The problem is that all of Wilson's positives -- stability, loyalty, recruiting acumen, experience, raw coaching talent -- are the same positives that come with Phil Parker. How do you give the job to an nine-year assistant based on his loyalty to the program when a twelve-year assistant would be left out? How do you promote an assistant to maintain the previous coordinator's system when the other guy has, quite literally, been playing and coaching in that system since he was eighteen years old? How do you promote the clear talent of the staff when it's Parker (and now Kaczynski) who are being rumored for other jobs over him? And, as much as he's about philosophical stability, Ferentz has clearly shown he will scratch where it itches in recruiting; where Wilson was the star of 2011, Lester Erb has delivered from Illinois in 2012, to say nothing of the fact that Phil Parker is as solid a recruiter as Iowa has.

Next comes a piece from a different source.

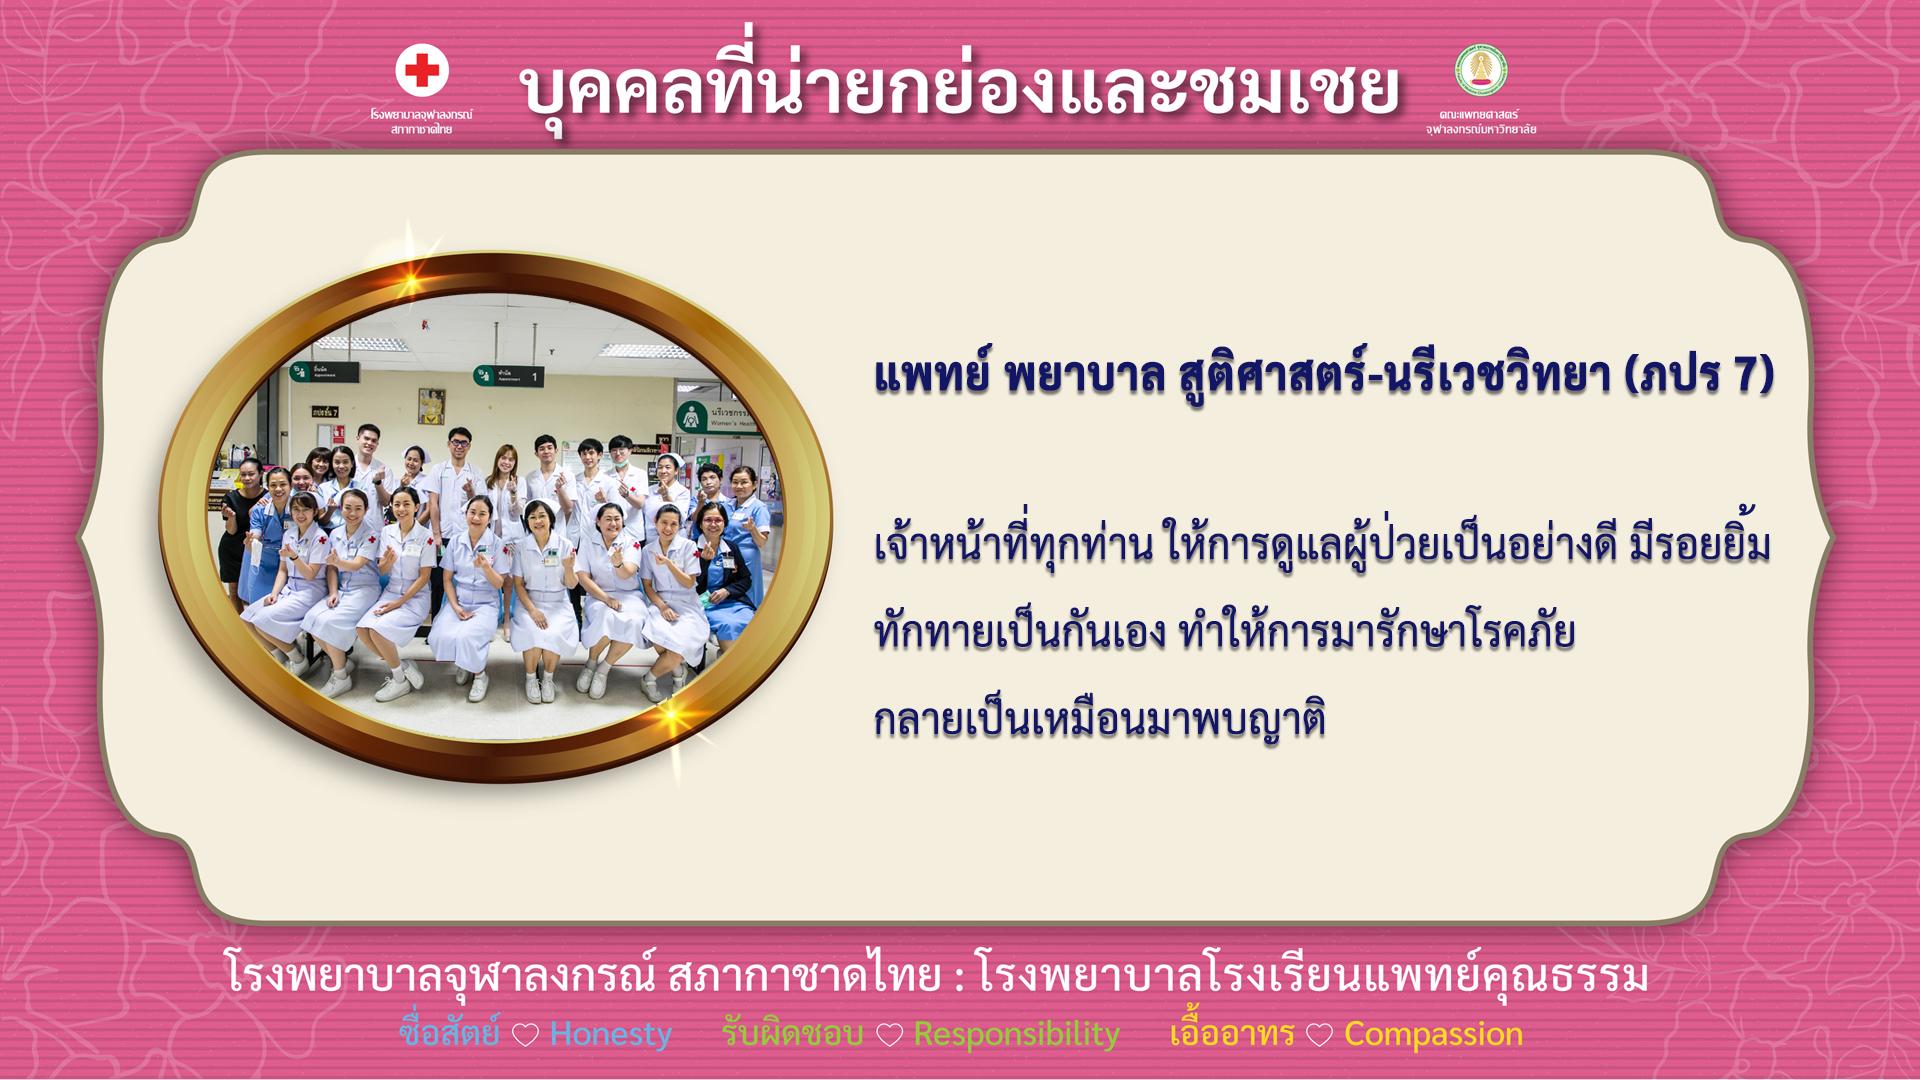 แพทย์ พยาบาล สูติศาสตร์-นรีเวชวิทยา (ภปร7)

It brings us back to the position of importance: Linebackers. It's unlikely (though not necessarily out of the question) that Phil Parker, a lifetime defensive backs coach, would assume responsibility for coaching inside linebackers upon his ascendancy to the throne. It's also a given that the middle linebacker will be the defense's in-huddle leader (even true freshman James Morris, pushed into duty at MLB during LINEBACKERPOCALYPSE, called plays), and that Ferentz wants a seamless connection between his coordinator and his signalcaller. If that's the goal, Darrell Wilson is probably your guy. Whether that's enough to move him ahead of the candidate who matches or bests him on all other relevant criteria is doubtful at best.